ODD: A Benchmark Dataset for the NLP-based Opioid Related Aberrant Behavior Detection

Opioid related aberrant behaviors (ORAB) present novel risk factors for opioid overdose. Previously, ORAB have been mainly assessed by survey results and by monitoring drug administrations. Such methods however, cannot scale up and do not cover the entire spectrum of aberrant behaviors. On the other hand, ORAB are widely documented in electronic health record notes. This paper introduces a novel biomedical natural language processing benchmark dataset named ODD, for ORAB Detection Dataset. ODD is an expert-annotated dataset comprising of more than 750 publicly available EHR notes. ODD has been designed to identify ORAB from patients' EHR notes and classify them into nine categories; 1) Confirmed Aberrant Behavior, 2) Suggested Aberrant Behavior, 3) Opioids, 4) Indication, 5) Diagnosed opioid dependency, 6) Benzodiapines, 7) Medication Changes, 8) Central Nervous System-related, and 9) Social Determinants of Health.
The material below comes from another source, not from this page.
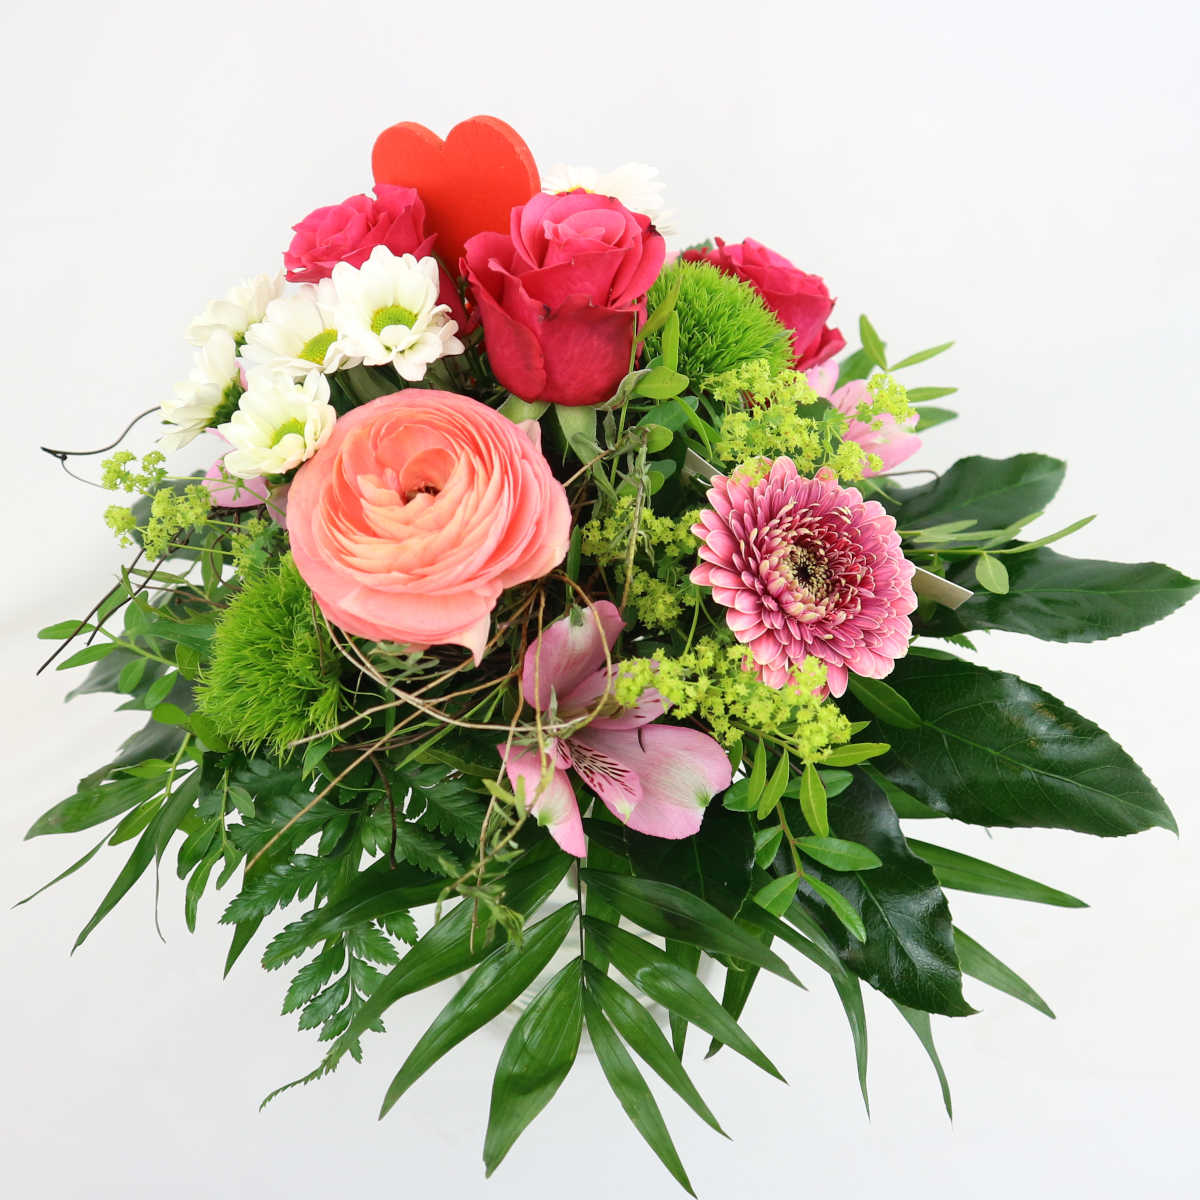 Ein sommerlicher Blumenstrauß zum Muttertag mit Rosen, Margariten, Gerbera, Inkalilie und Bonnys mit einem hözernen Herzstecker.

We explored two state-of-the-art natural language processing (NLP) models (finetuning pretrained language models and prompt-tuning approaches) to identify ORAB. Experimental results show that the prompt-tuning models outperformed the finetuning models in most cateogories and the gains were especially higher among uncommon categories (Suggested aberrant behavior, Diagnosed opioid dependency and Medication change). Although the best model achieved the highest 83.92\% on area under precision recall curve, uncommon classes (Suggested Aberrant Behavior, Diagnosed Opioid Dependence, and Medication Change) still have a large room for performance improvement.

翻译：阿片类药物相关异常行为（ORAB）是阿片类药物过量的新型风险因素。此前，ORAB主要通过调查结果和药物管理监测进行评估，但这些方法难以规模化，且无法覆盖全部异常行为谱系。另一方面，电子健康记录（EHR）笔记中广泛记载了ORAB。本文提出一个名为ODD（ORAB检测数据集）的新型生物医学自然语言处理基准数据集。ODD是由专家标注的数据集，包含750余份公开可用的EHR笔记。该数据集旨在从患者EHR笔记中识别ORAB，并将其分为九类：1）确认异常行为、2）疑似异常行为、3）阿片类药物、4）适应证、5）确诊阿片类药物依赖、6）苯二氮䓬类药物、7）药物变更、8）中枢神经系统相关、9）健康社会决定因素。我们探索了两种最先进的自然语言处理模型（微调预训练语言模型与提示微调方法）以识别ORAB。实验结果表明，在大多数类别中，提示微调模型表现优于微调模型，尤其在低频类别（疑似异常行为、确诊阿片类药物依赖和药物变更）中优势更为显著。尽管最优模型在精确率-召回率曲线下面积上达到83.92%，但低频类别（疑似异常行为、确诊阿片类药物依赖和药物变更）仍存在较大的性能提升空间。